**Task instructions:** All of the listing below must be repeated word for word. Pictures are the only thing to omit.

**Information provided:**
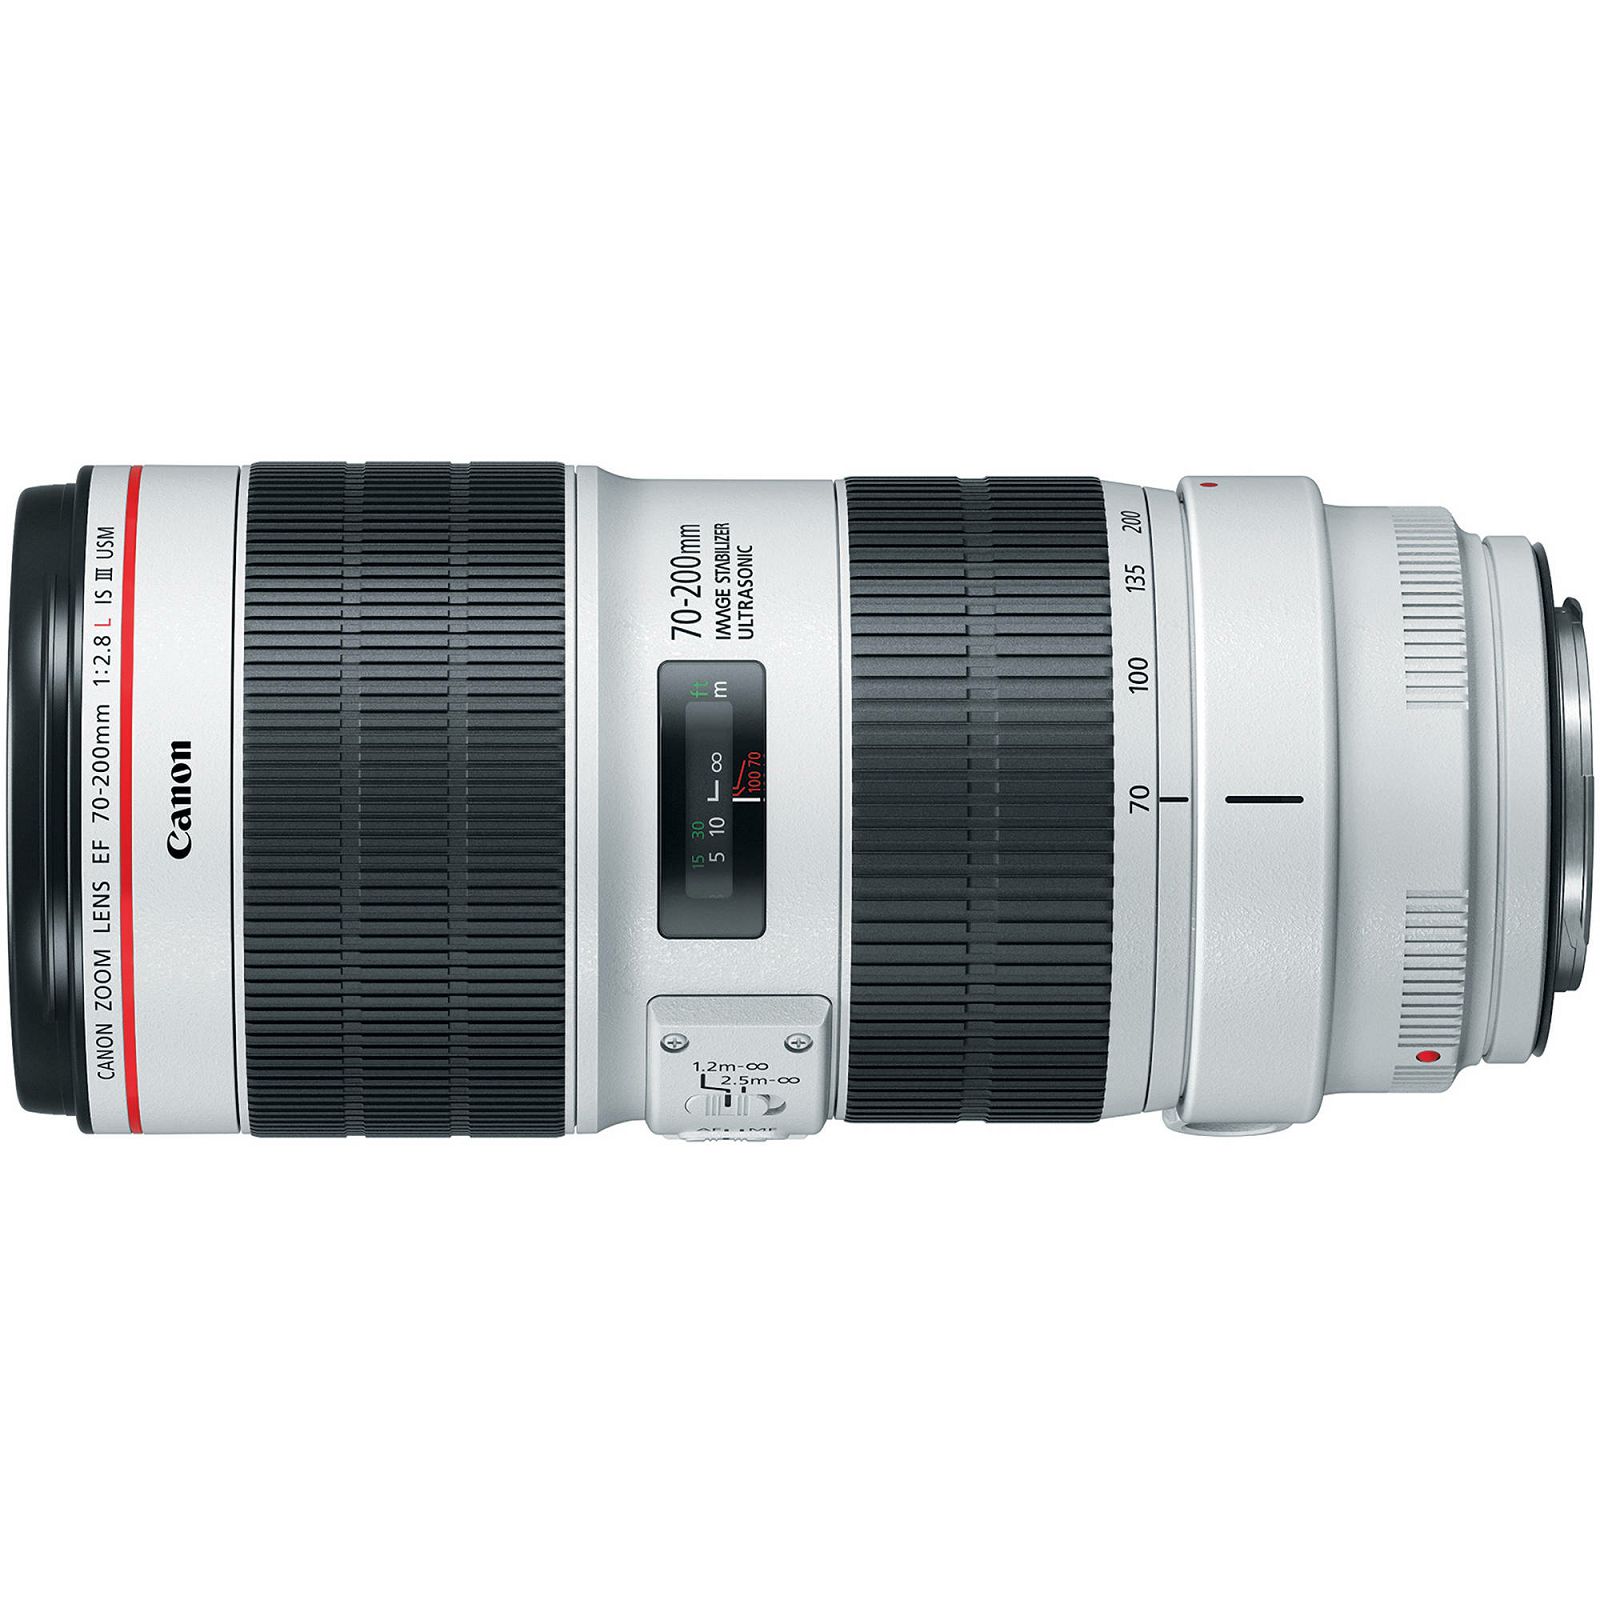 Canon EF 70-200mm f/2.8 L IS III USM telefoto objektiv zoom lens 70-200 f/2.8L F2.8 2.8 1:2,8 (3044C005AA)
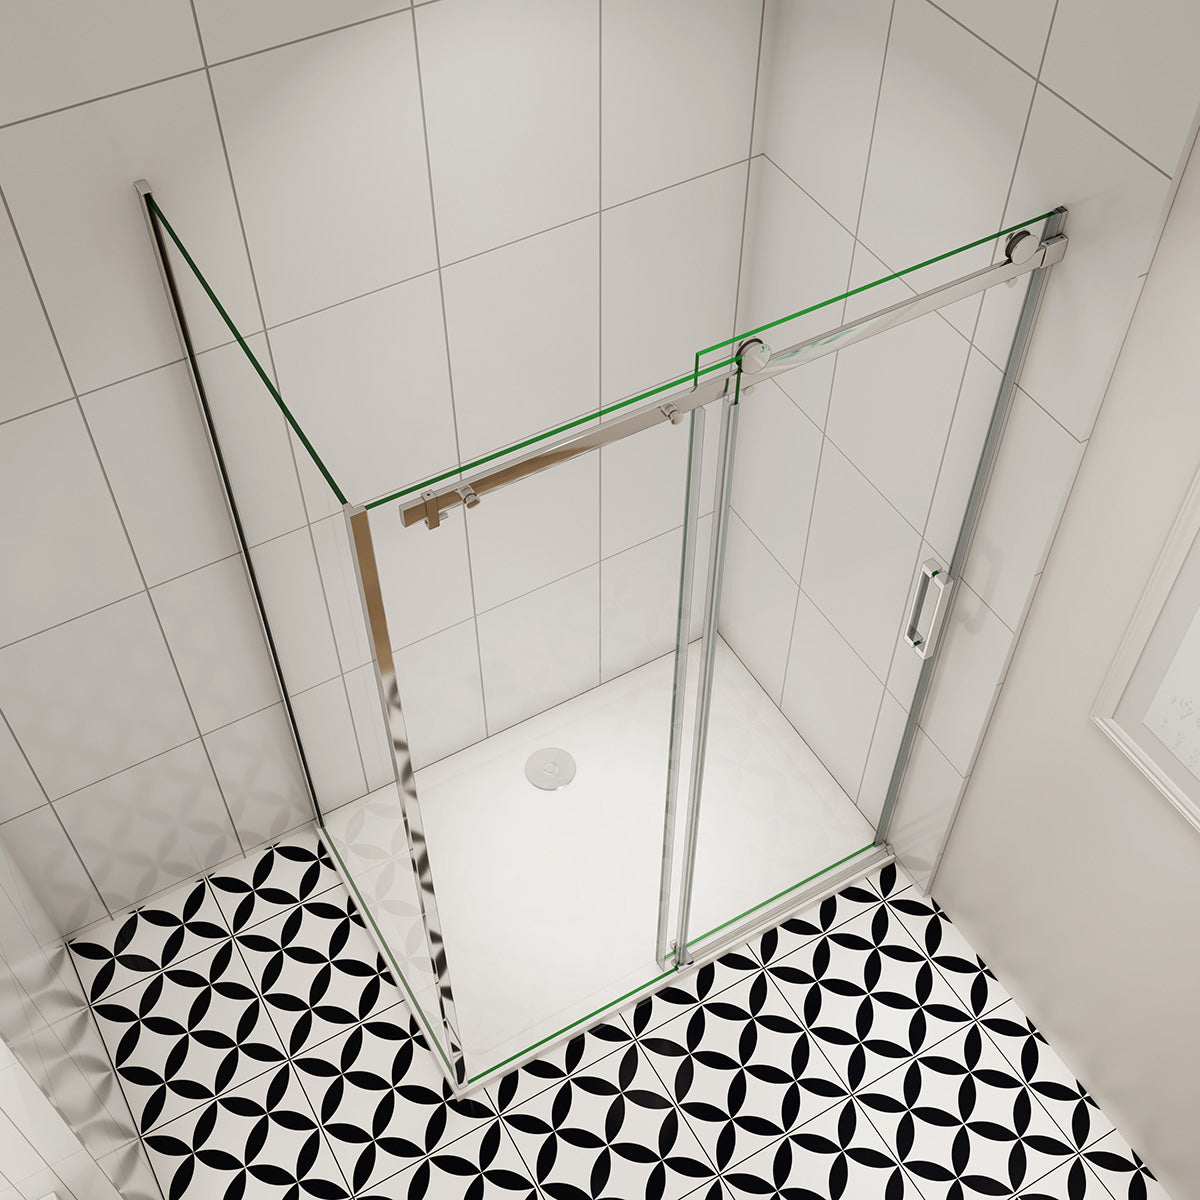 Duschtür+Seitenwand 120x80 cm Glasstärke 8mm Schiebetür Dusche Duschabtrennung Duschkabine
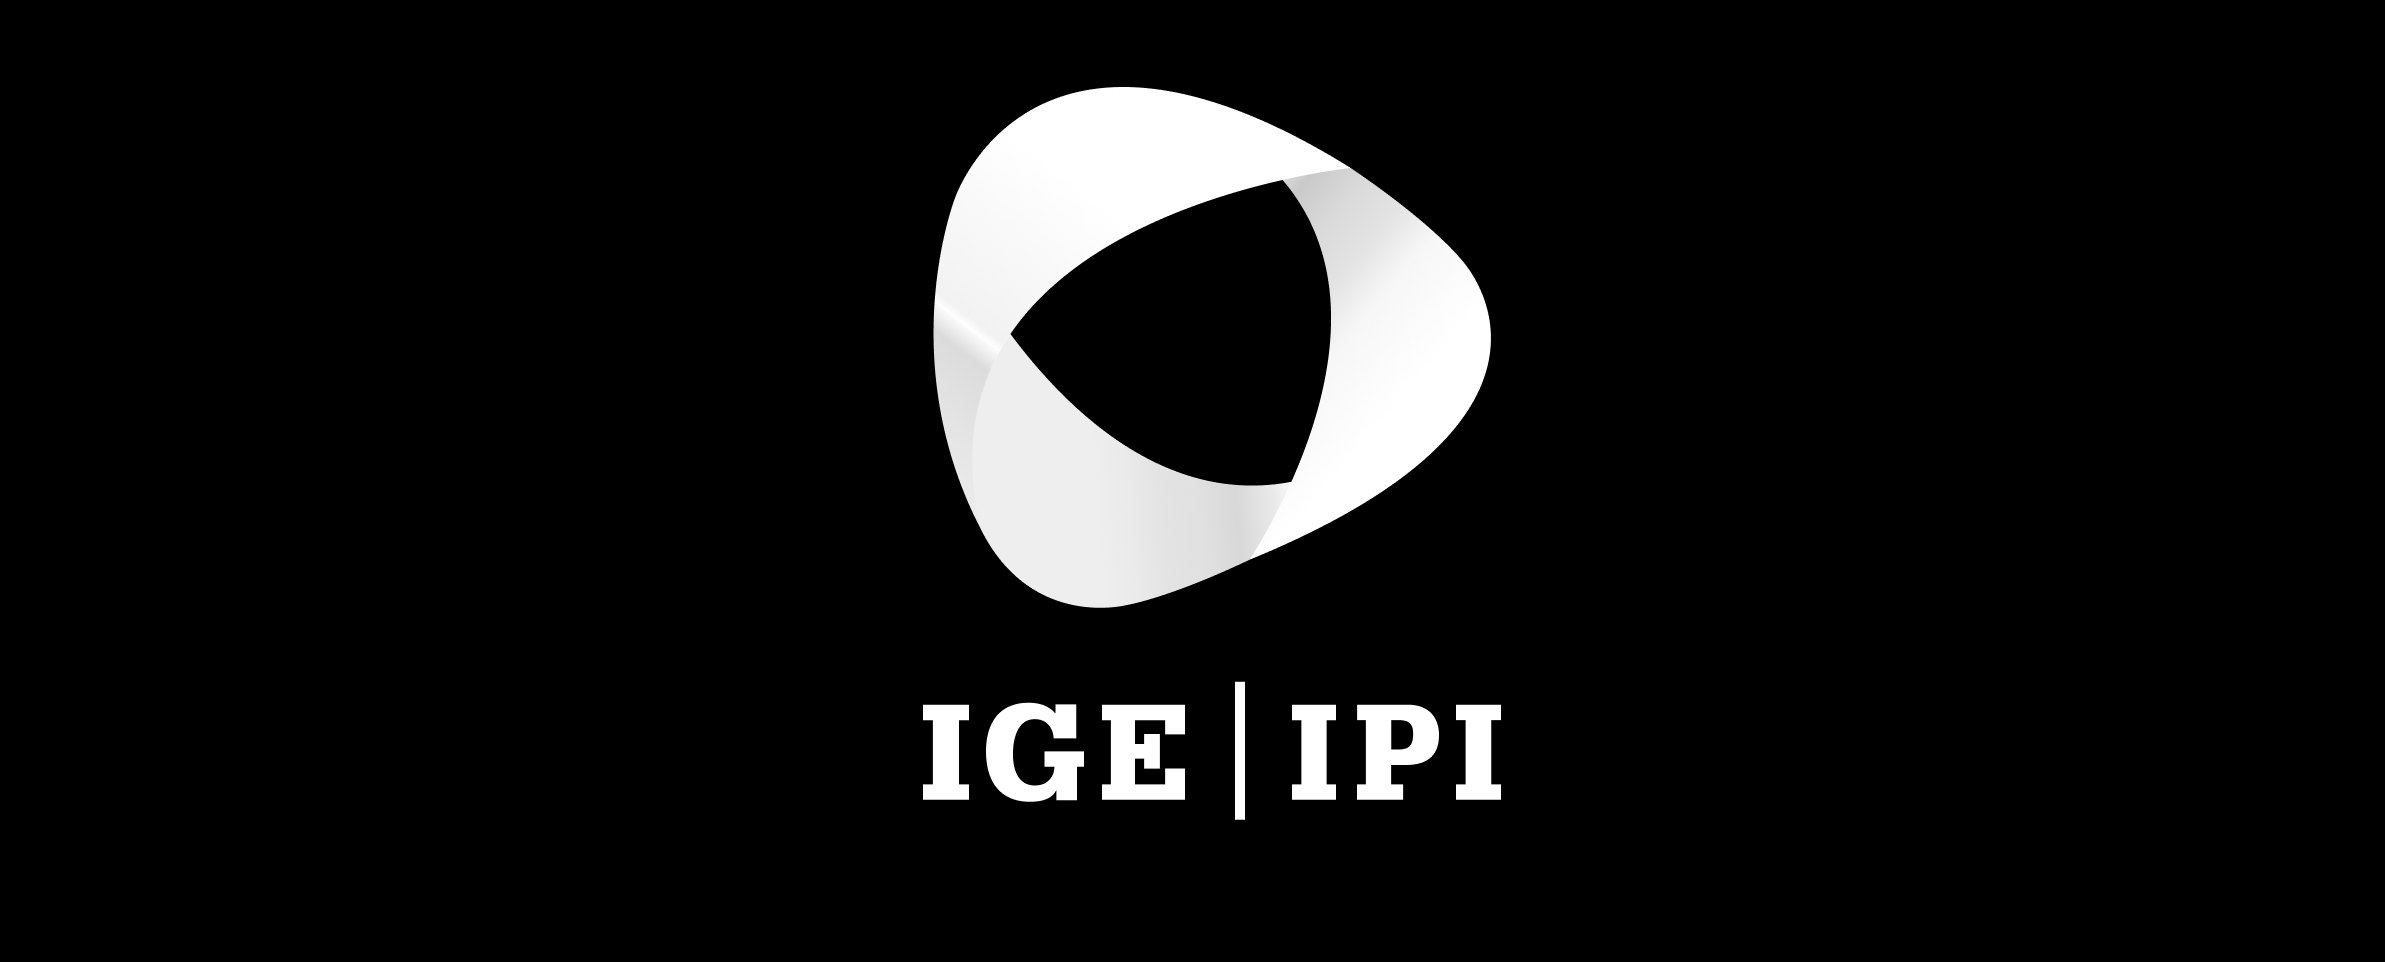 EventP IPI IGE

**Answer space:**
 Canon EF 70-200mm f/2.8 L IS III USM telefoto objektiv zoom lens 70-200 f/2.8L F2.8 2.8 1:2,8 (3044C005AA)
 Duschtür+Seitenwand 120x80 cm Glasstärke 8mm Schiebetür Dusche Duschabtrennung Duschkabine
 EventP IPI IGE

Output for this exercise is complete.